A. We didn’t stop it, but what we did was well-intentioned. We published the three-year life cycle to support the objective ARFORGEN model. Unfortunately, we’re not going to be able to implement that until the end of 2011, when we finish our growth and have all the new units on board.
What was happening was we weren’t able to deliver on what we were doing. Life cycle is still a major part of this expeditionary force we’re trying to build. The reality of it is if you have a 15-month dwell, your life cycle is 27 months and you run the life cycle from halfway through the six-month reset model on the beginning to halfway through the six-month reset model at the end.
So you have about 90 days to build the team, you go into your nine months of training, you do your year deployment and then you have 90 days on the other end. That’s the life cycle.
We came across this as we were implementing the pilot reset model because one of the units we picked was one of the Alaska units that was on life cycle. We got all disconnected on the personnel part because they had these promises of a three-year life cycle and we couldn’t deliver it.
When we get the personnel systems lined up to support it, the intent is we’re able to deploy these units without stop-loss because everybody’s on a cycle.
Q. What drove the need to put the implementation of unit manning on hold until 2011?
A. The driver was getting us on the ARFORGEN model, and it’s a huge change because to put ourselves on this rotation readiness cycle, we have to change how we do people, how we do training, how we do education, how we equip, how we report. It’s a major change, but I think it’s exactly what we need. We see the future as one of persistent conflict. We’re going to be involved or engaged, maybe not like we are in Iraq and Afghanistan, but there is going to be a lot of stuff like that around the world, so we need to have a stream of folks trained, equipped and prepared to go out and do these things, active, Guard and Reserve.
Q. You have strong recruiting and retention numbers. Do you think you’ll arrive at 547,000 early?

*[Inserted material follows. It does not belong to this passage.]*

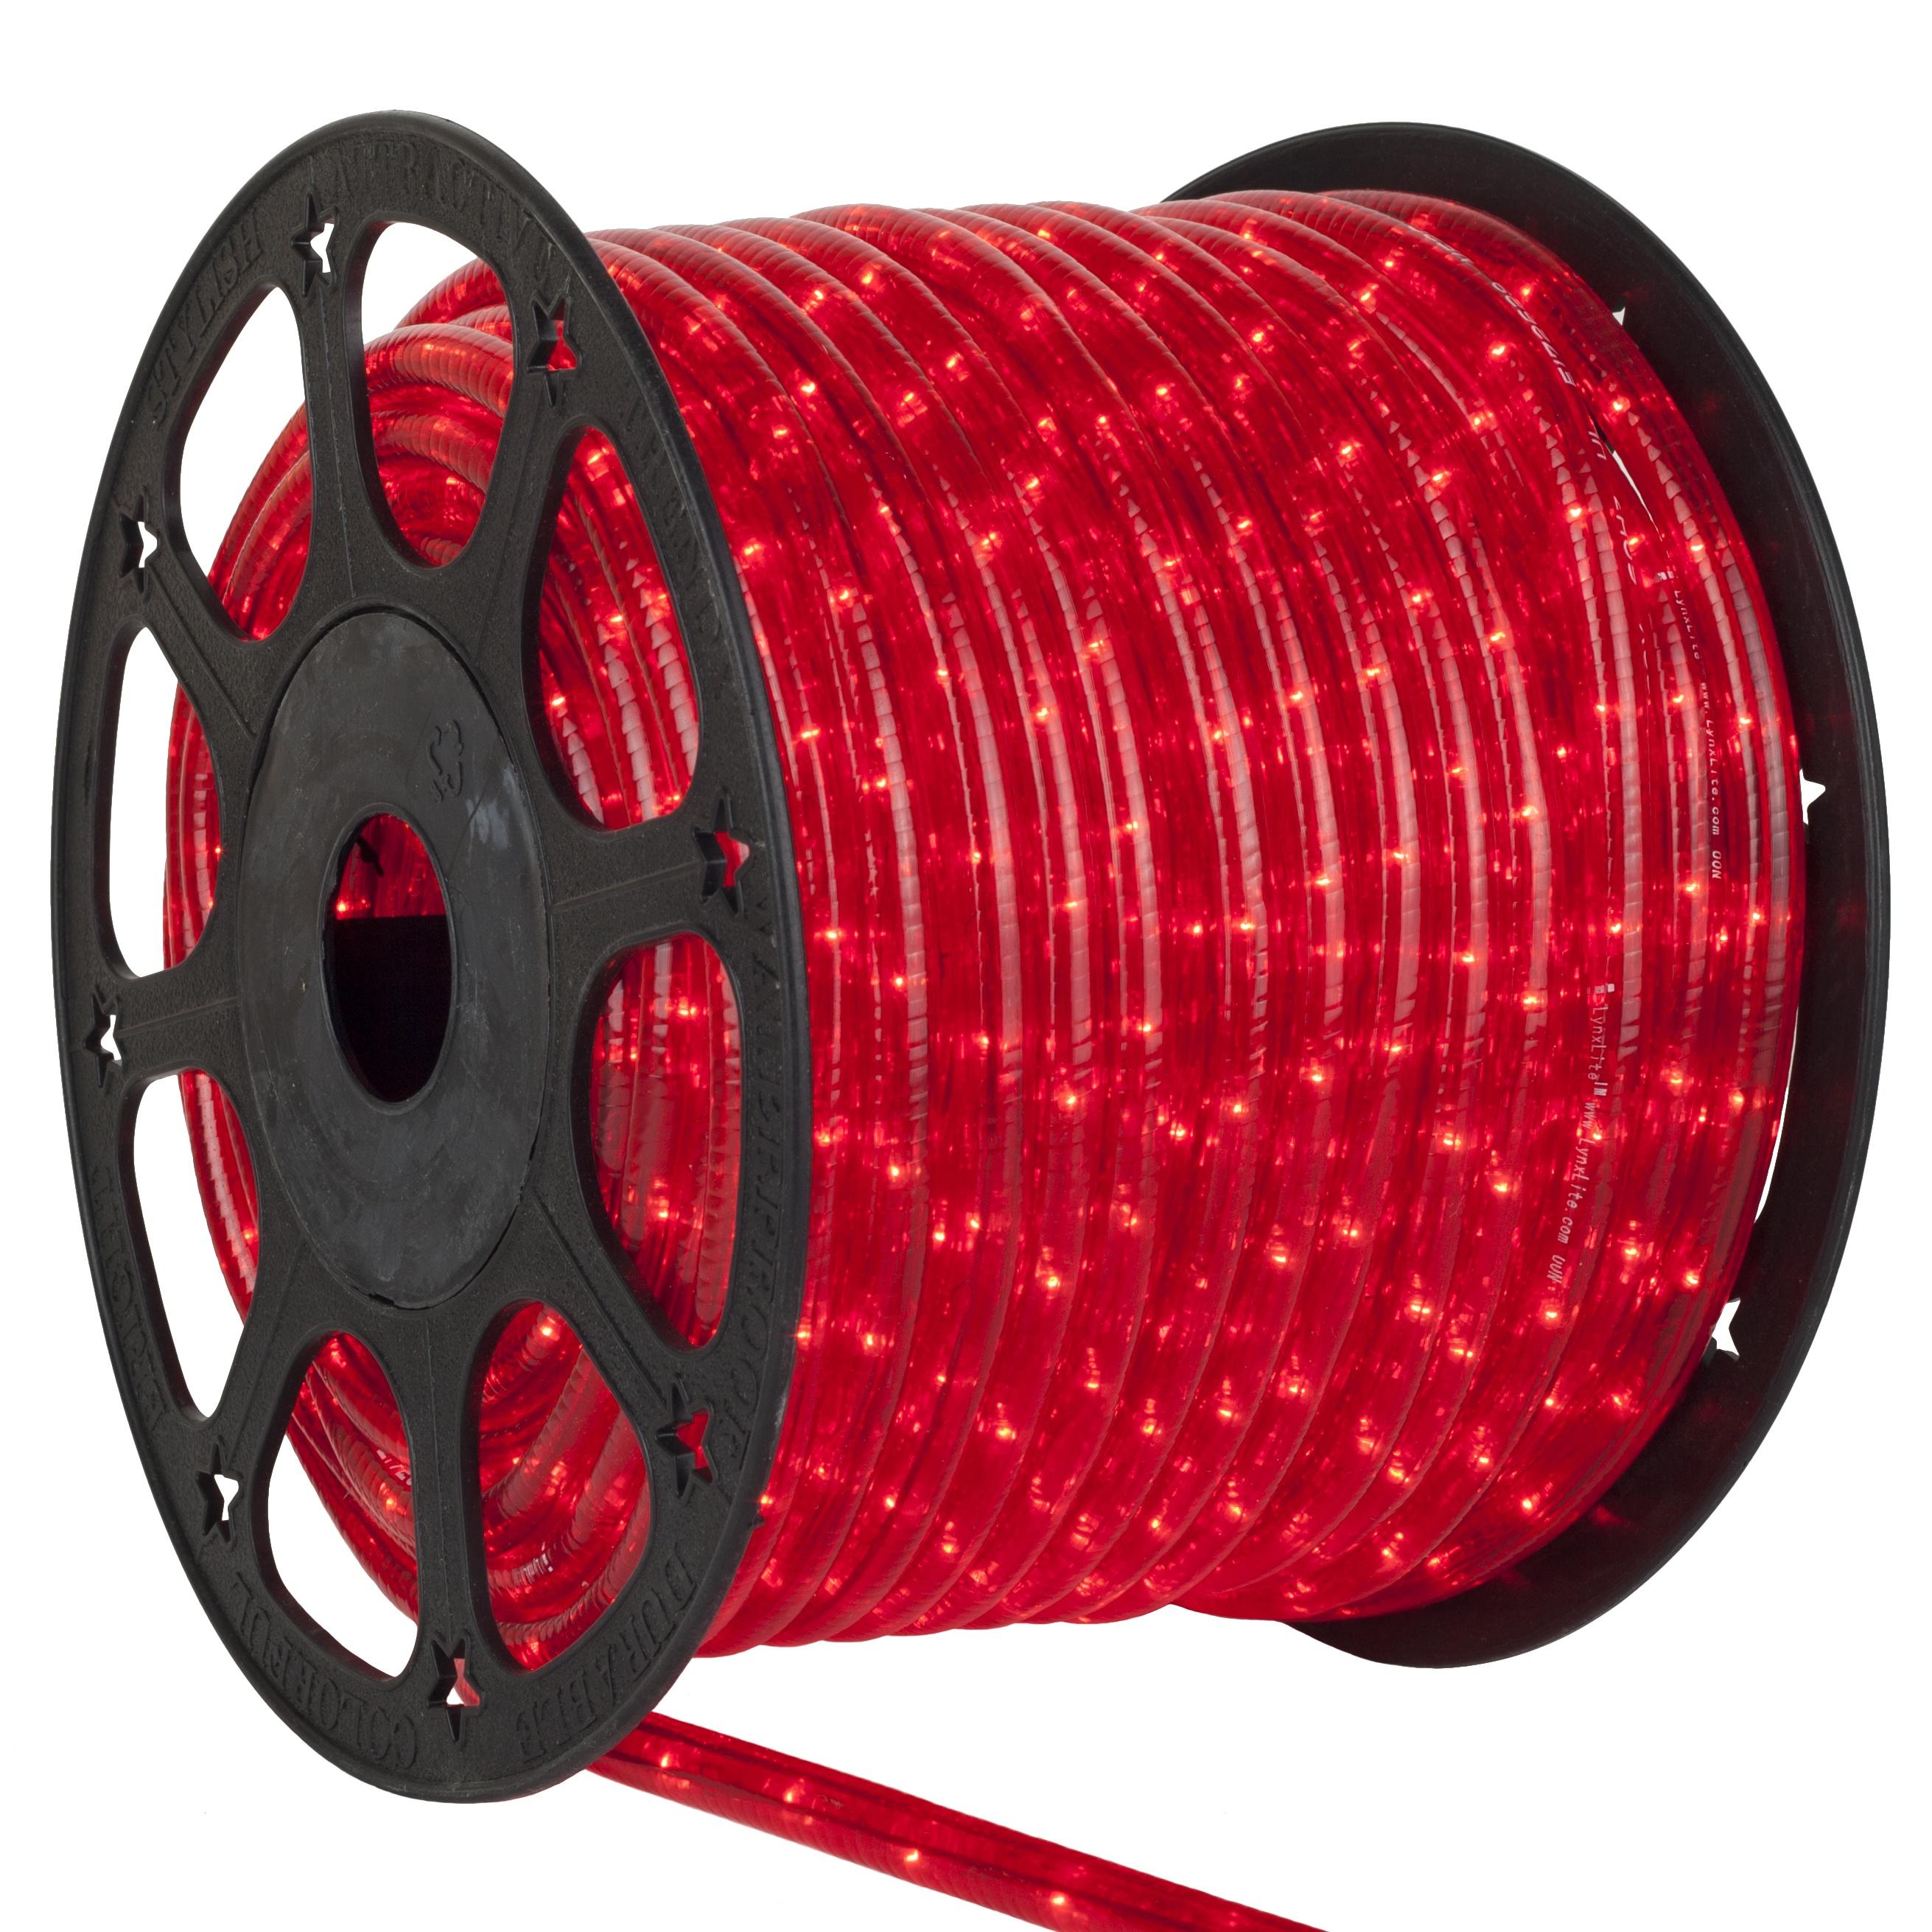 Rope Light 150 Red Mini Rope Light Commercial Spool

A. We may, but you know we accelerated it by two years already to 2010, and we’re going to meet it by 2010 right now. If we make it earlier than that, it might be a month or some months early; we’re not going to make it a year early. We purposely brought those people in by 2010, and we won’t finish building the units until 2011.
Q. Could you go larger?
A. That’s the $64,000 question. What I’ve asked the staff to do is design me the best Army you can build with 1.1 million [people], and that’s with active, Guard and Reserve. Assume this level of access to the Guard and Reserve, and tell me where the holes are and let me decide whether we need to be bigger or not. We’re doing some of that work because I’m sure that question is going to be asked by the new administration, and we need an answer.
But the last thing I want to do is build a big force that we can’t afford to man, train, equip and sustain at the levels we need. I came into a hollow Army; I don’t want to go out from a hollow Army.
The other question is, big enough to do what? What do you want us to do? Rotation schedules depend on demand.
Q. Do you have any early studies to tell you a bigger number is what you want?
A. There are lots of studies going on to see not only how big should the Army be, but how big should the armed forces of the United States be. If the new president came in and said, “Gen. Casey, assuming an era of persistent conflict, what number would you like to have total. Do you have a number?” — I’d tell them.
Q. Is this something you’ve been asked to do by the candidates or Congress?
A. No. It’s stuff we have to do. That’s my job, to say, “Hey, this is what you want me to do, and this is what we need to do it.”
By Gina Cavallero in Washington.
Service profile
2009 budget request: $51.8 billion, up $5.5 billion from 2008.
Troops: Active-duty, 538,128; Reserve, 189,000; National Guard, 350,000, as of July 31.
Major procurements: Future Combat Systems, Joint Light Tactical Vehicle, Joint Tactical Radio System, and many repairs and upgrades to vehicles and aircraft returning from the wars in Iraq and Afghanistan.